I had been discussing my course tonight with my husband. I commented that my MAPP colleagues and I all came from different backgrounds of the Performing Arts and didn't always agree on aspects of whether a dance work had merits or not. He, not coming from a dance background, said, that he hadn't enjoyed the album Tubular Bells by Mike Oldfield to start with but on listening to it several times he had discovered the different layers within it.
It made me think of the different layers that exist when we look at choreographers, their dance pieces, genres and how we build on them.
When I first went to collage and started teaching I thought, I hated contemporary dance. Why is someone dancing in a tea bag I thought? Why on earth would you just walk about the stage and occasionally do a 'gymnastic' movement with your fellow dancer? How can it be 'dance' when all you are doing is gesturing, not pointing your toes and pushing, shoving and rolling on the floor with your fellow dancers?
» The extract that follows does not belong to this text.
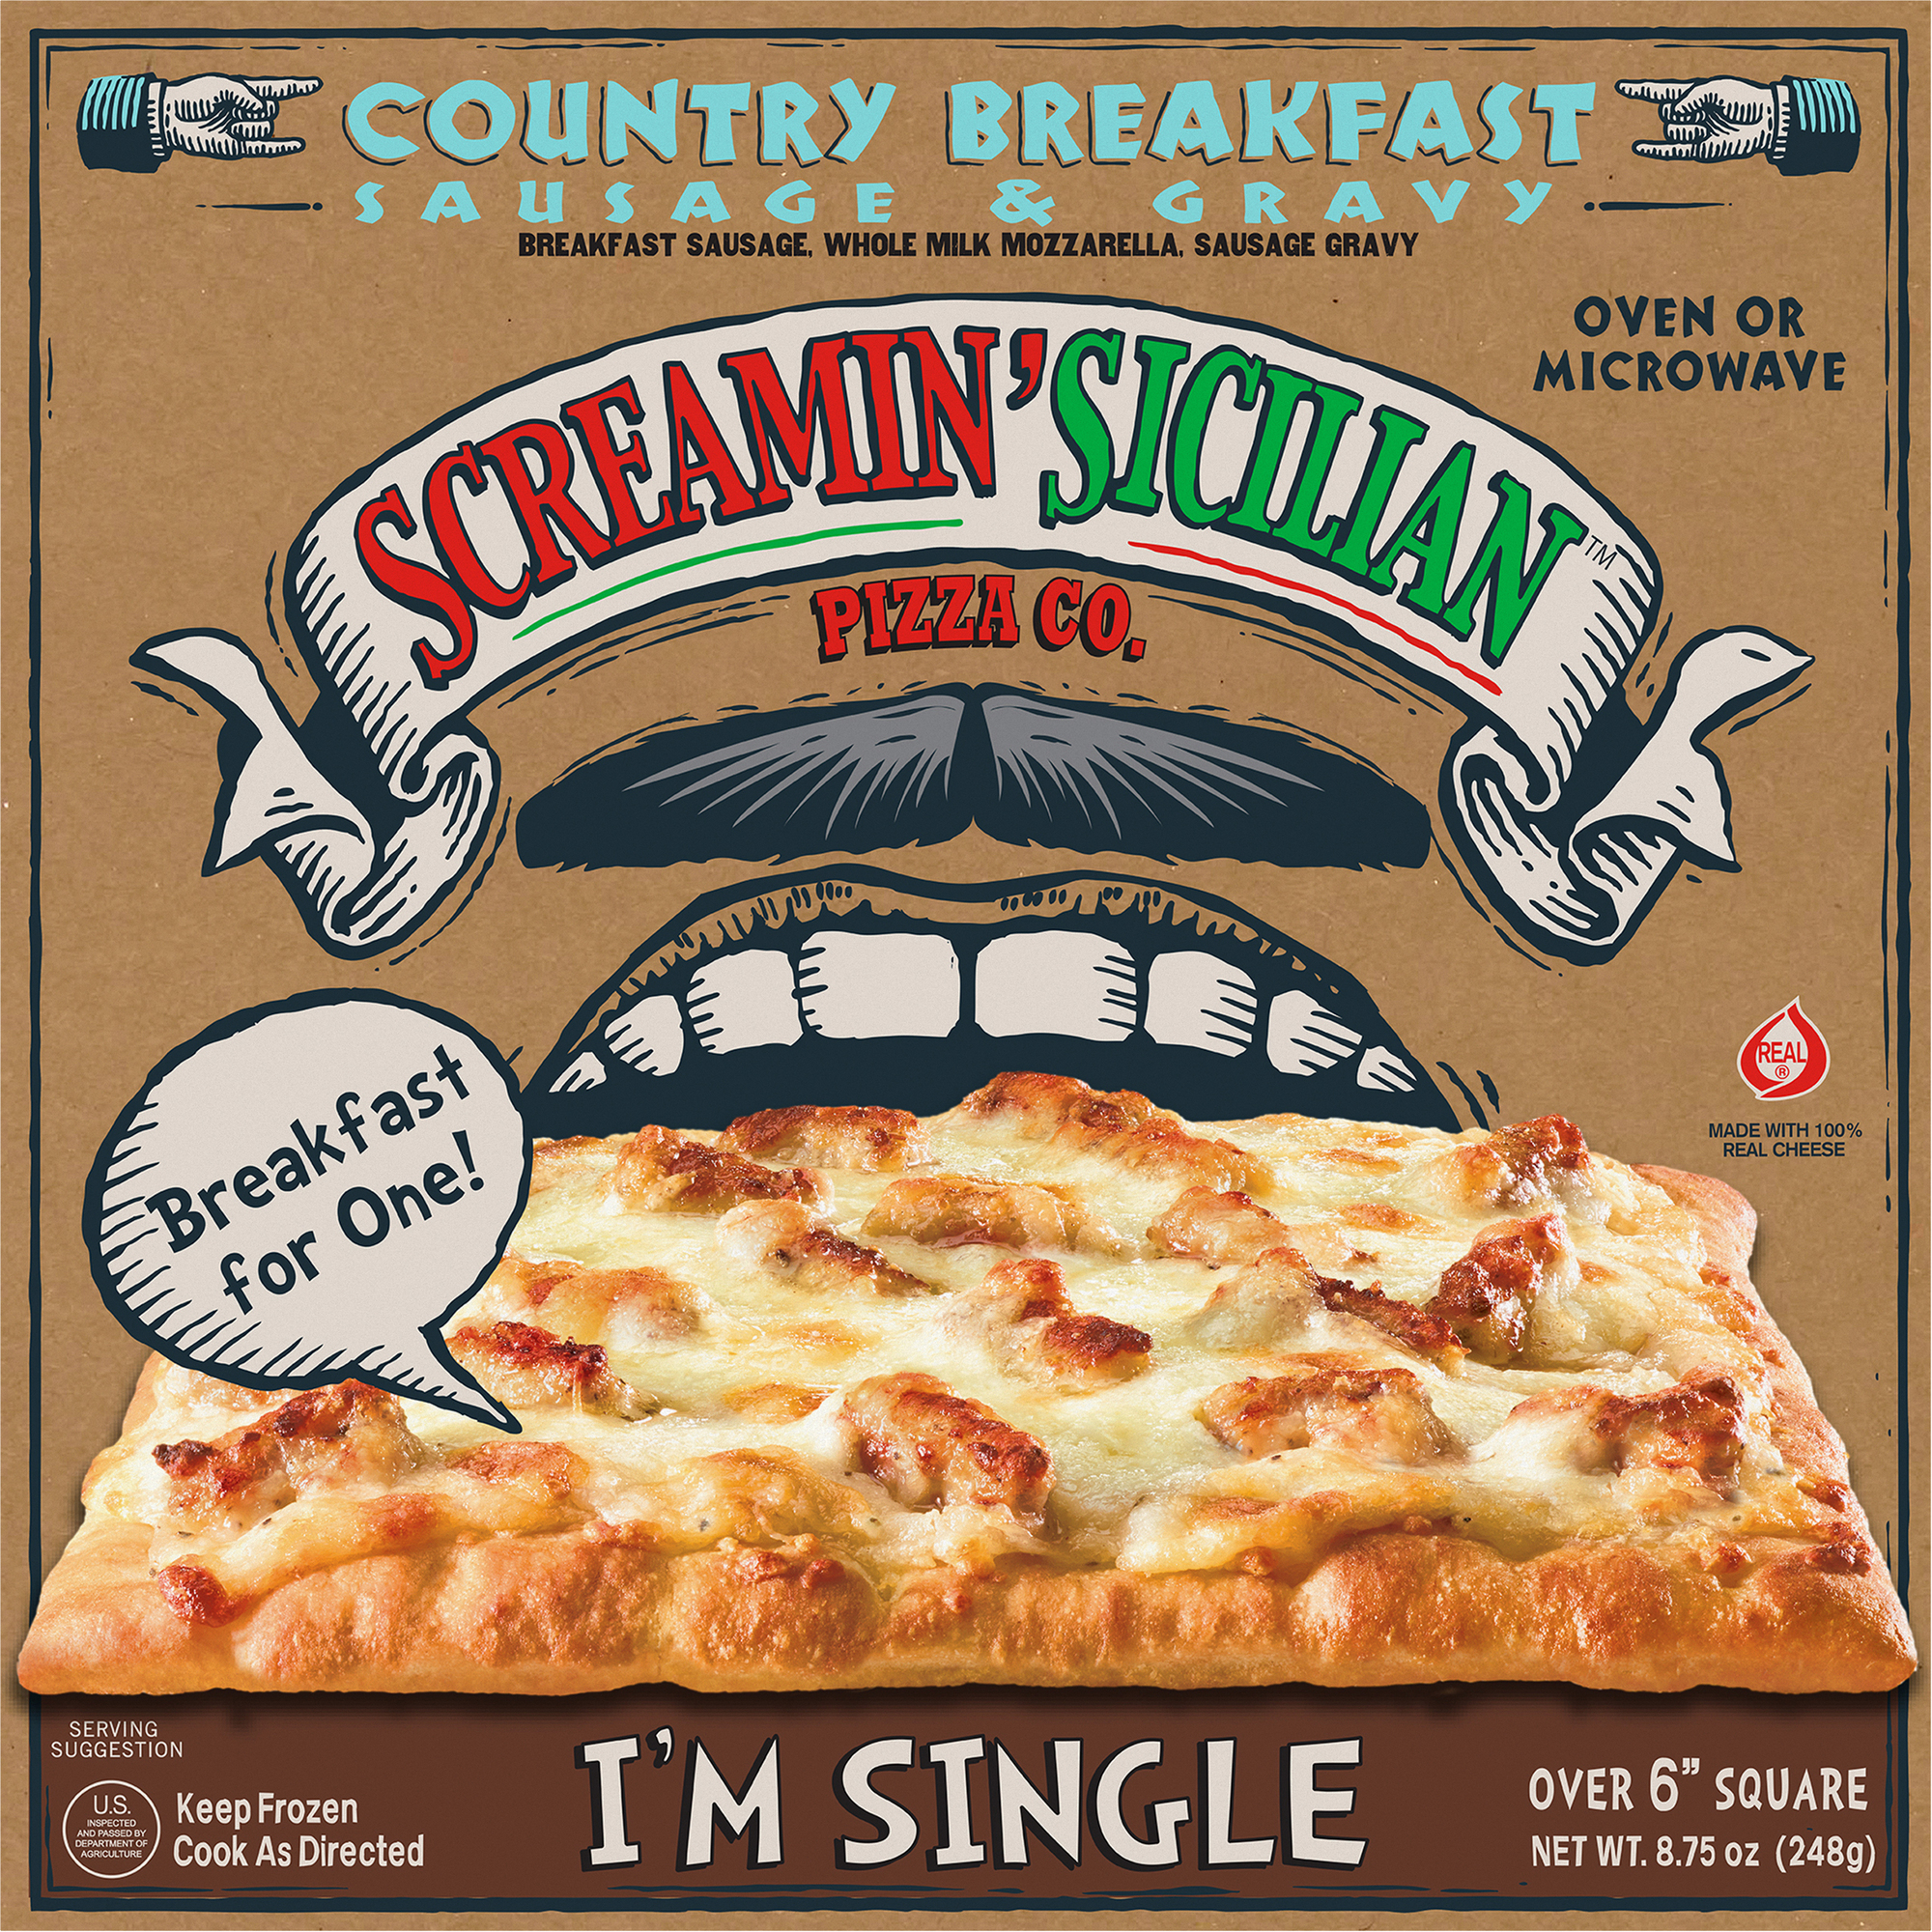 Screamin’ Sicilian Single Serve Breakfast Pizzas Now Available at Walmart

I started teaching GCSE and A Level Dance around 2006. This opened my eyes to professional dance works that were not in my radar. My first knowledge of Marie Rambert was when my Mother told me that her cousin had been in the Ballet Rambert. This was in the early days when Marie Ramberts company concentrated on classical dance. When I started to research the company from 1966 when Marie chose Norman Morrice as Associate Director, I was amazed at the wealth of pieces. Glen Tetley's Pierrot Lunaire 1967 and Christopher Bruce's Ghost Dances 1981. This led to the most recent specification of professional works for GCSE Dance. Artificial Things by Stopgap Dance, Emancipation of Expression by Boy Blue and Within Her Eyes by James Cousins. To be honest they blew my mind!
The more I watched the pieces and delved into the why, what and where, the more I understood and discovered that dance has so many layers.
Just like Tubular Bells went against the convention of the day, but when you listened to the whole album the instruments built up and made sense, dance and its many genres continues to build. From humble beginnings it builds to a crescendo. Like life. You start from no where but who knows where your path will lead you?